Enzymes

Question 1

Define Co-factor

Answer 1

Non-protein component needed for activity

Question 2

Define Coenzyme

Answer 2

Complex organic molecule, usually formed from vitamins

Question 3

Define Prosthetic Group

Answer 3

Cofactor covalently bound to the enzyme or very tightly associated with the enzyme

Question 4

Define Apoenzyme

Answer 4

The protein component of an enzyme-containing a prosthetic group

Question 5

Discuss the ways in which enzymes catalyze reactions

Answer 5

Enzymes

• Increase rates of spontaneous reactions
• Lower the activation energy of biochemical reactions
• Accelerate movement toward reaction equilibria

Question 6

Describe how the rate of an enzyme-catalyzed reaction may vary with changes in the concentration of the enzyme and of the substrate.

Answer 6

The y axis is the initial velocity V0 (microM/min)

The X-axis is the substrate concentration, (S) (mM)

1/2 Vmax = Km

Vmax is where substrate concentration is used up. Levels off.

Question 7

Define the ‘Michaelis Constant’, describe how it may be experimentally estimated, and describe what knowledge of the constant may allow being deduced about the nature of the catalyzed reaction.

Answer 7

Km=1/2 Vmax= k1 +k2/k1

Larger Km values indicate a less stable ES complex

Lower Km values indicate a more stable ES complex

Therefore, it tells us about the affinity of the enzyme for the substrate.

Question 8

Describe Competitive inhibition

Answer 8

These inhibitors bind to enzymes in the same way that the intended substrate does. They bind non-covalently and tend to resemble the proper substrate.

This leads to an increase in Km as the affinity for the proper substrate decreases. However, increasing the concentration of the substrate can displace the competitor and Vmax can still be achieved.

Question 9

Describe Non-competitive inhibition

Answer 9

These inhibitors also bind non-covalently, but instead, bind to a site other than the active site of the enzyme. The enzyme can still bind to the active site and so Km is unchanged, however, the inhibitor cannot be displaced by increasing the concentration of the substrate, so Vmax will decrease.

Question 10

Describe the operation of allosterically-regulated and covalently modified enzymes.

Answer 10

Metabolites can bind to allosteric sites on some enzymes to act as inhibitors or activators. This is an example of non-competitive inhibition.

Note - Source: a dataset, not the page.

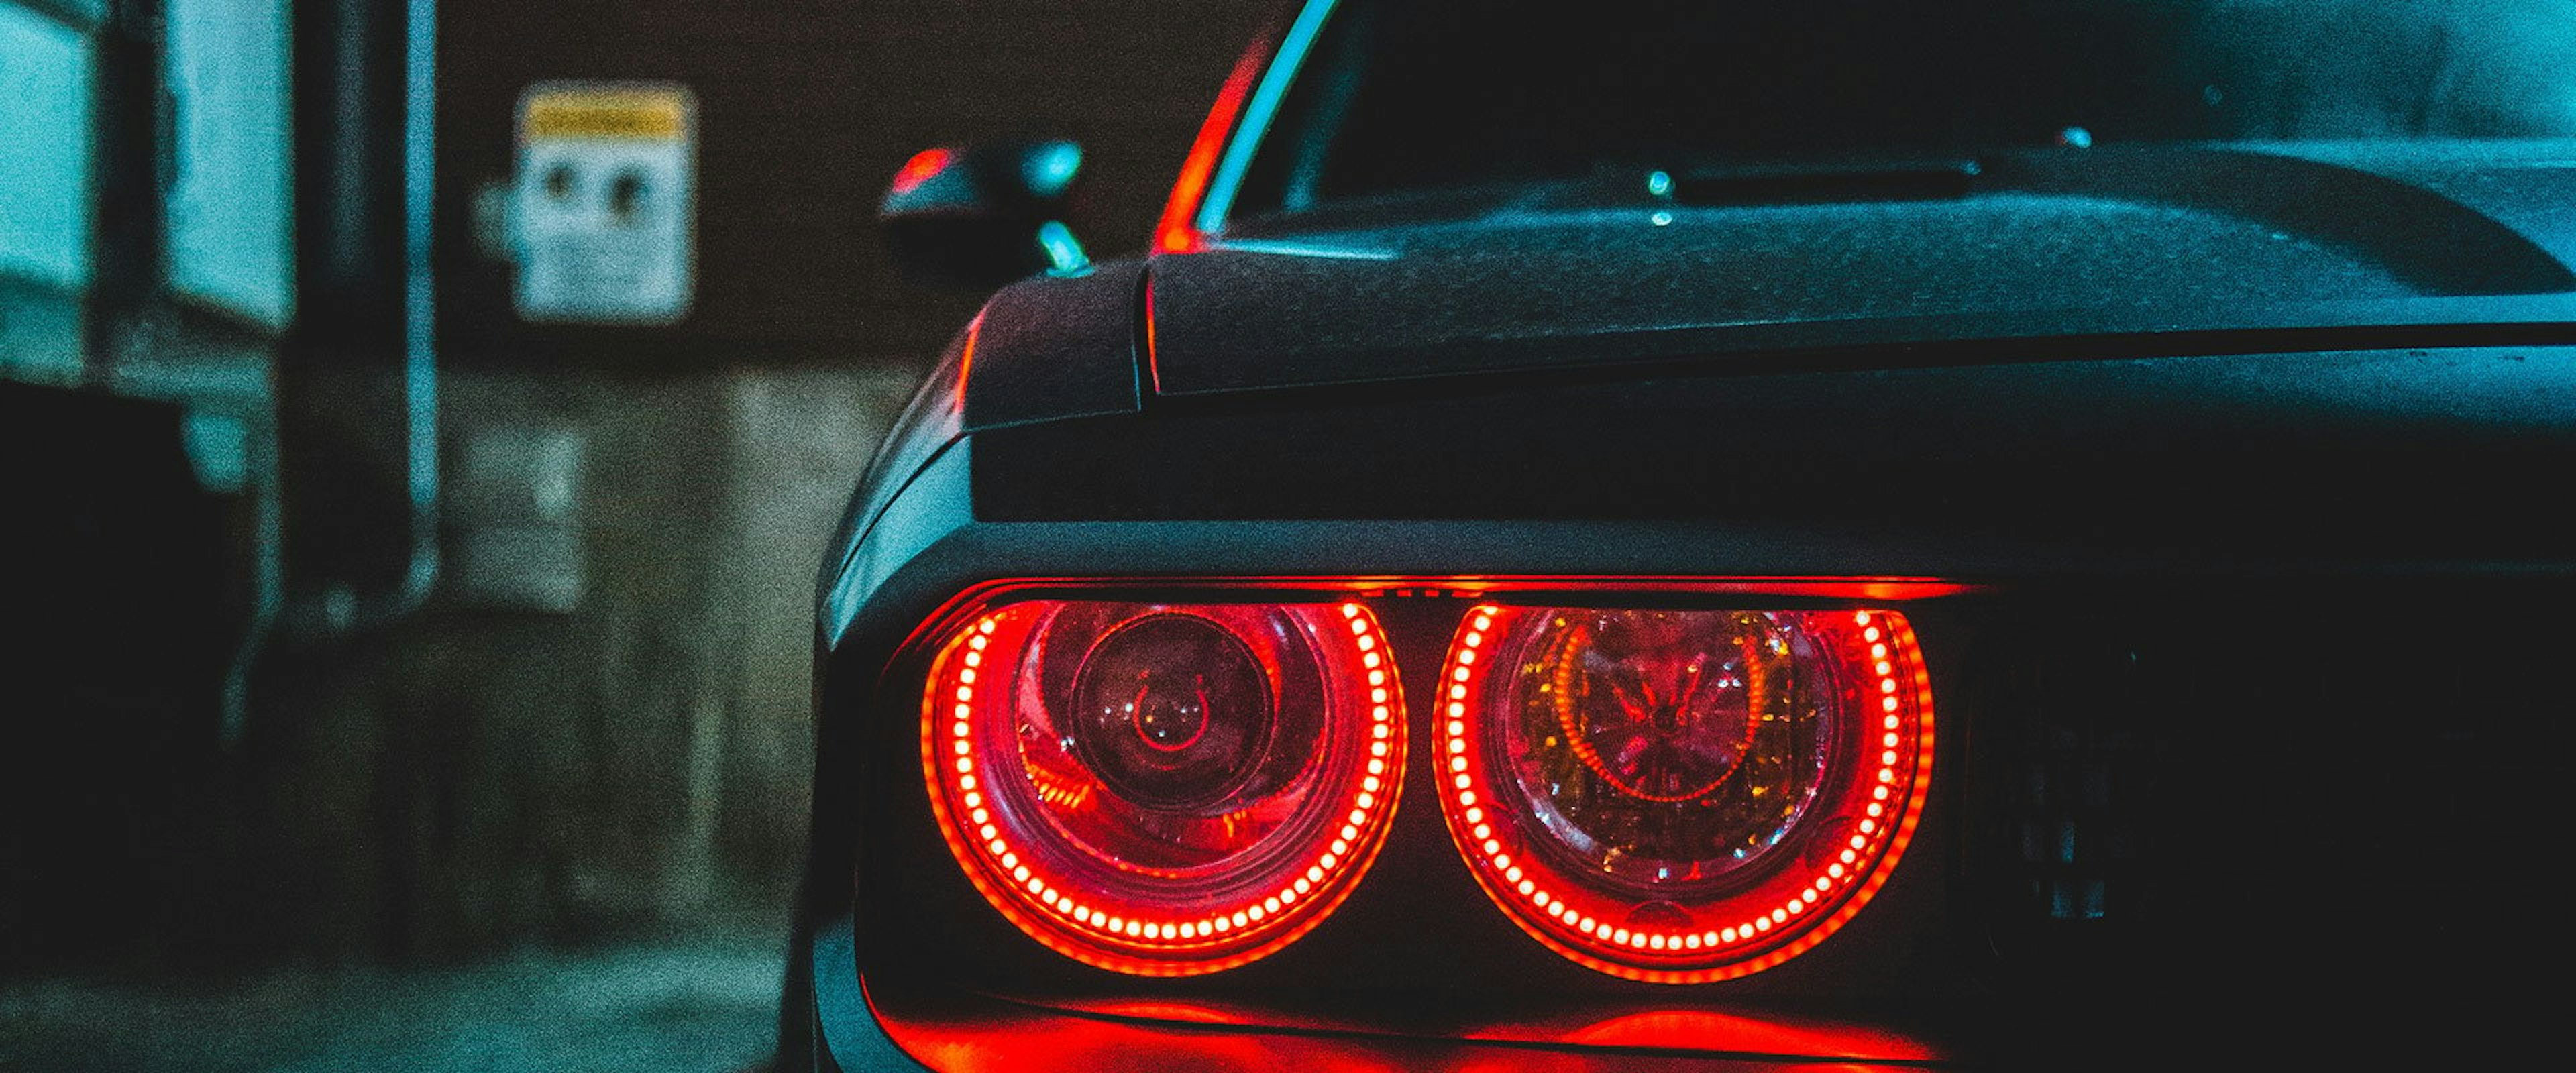 Vibrant fluorescent eclectic vehicle headlight

2 models explain almost all allosteric enzyme kinetics.

Concerted Model

• Each subunit can exist in 2 different conformations.
• One will have a low Km, the other will have a high Km
• With no substrate, the enzyme flips between conformations
• All units must be in the same conformation (i.e in concert)
• When 1 substrate binds, it holds the enzyme in the open conformation
• This increases affinity and explains the sigmoid curve

Sequential Model

• No flipping between different conformation states
• The binding causes a conformational change in 1 subunit
• This causes a change in another subunit, making further binding easier
• Like the first model, binding sensitizes the enzyme to more substrate.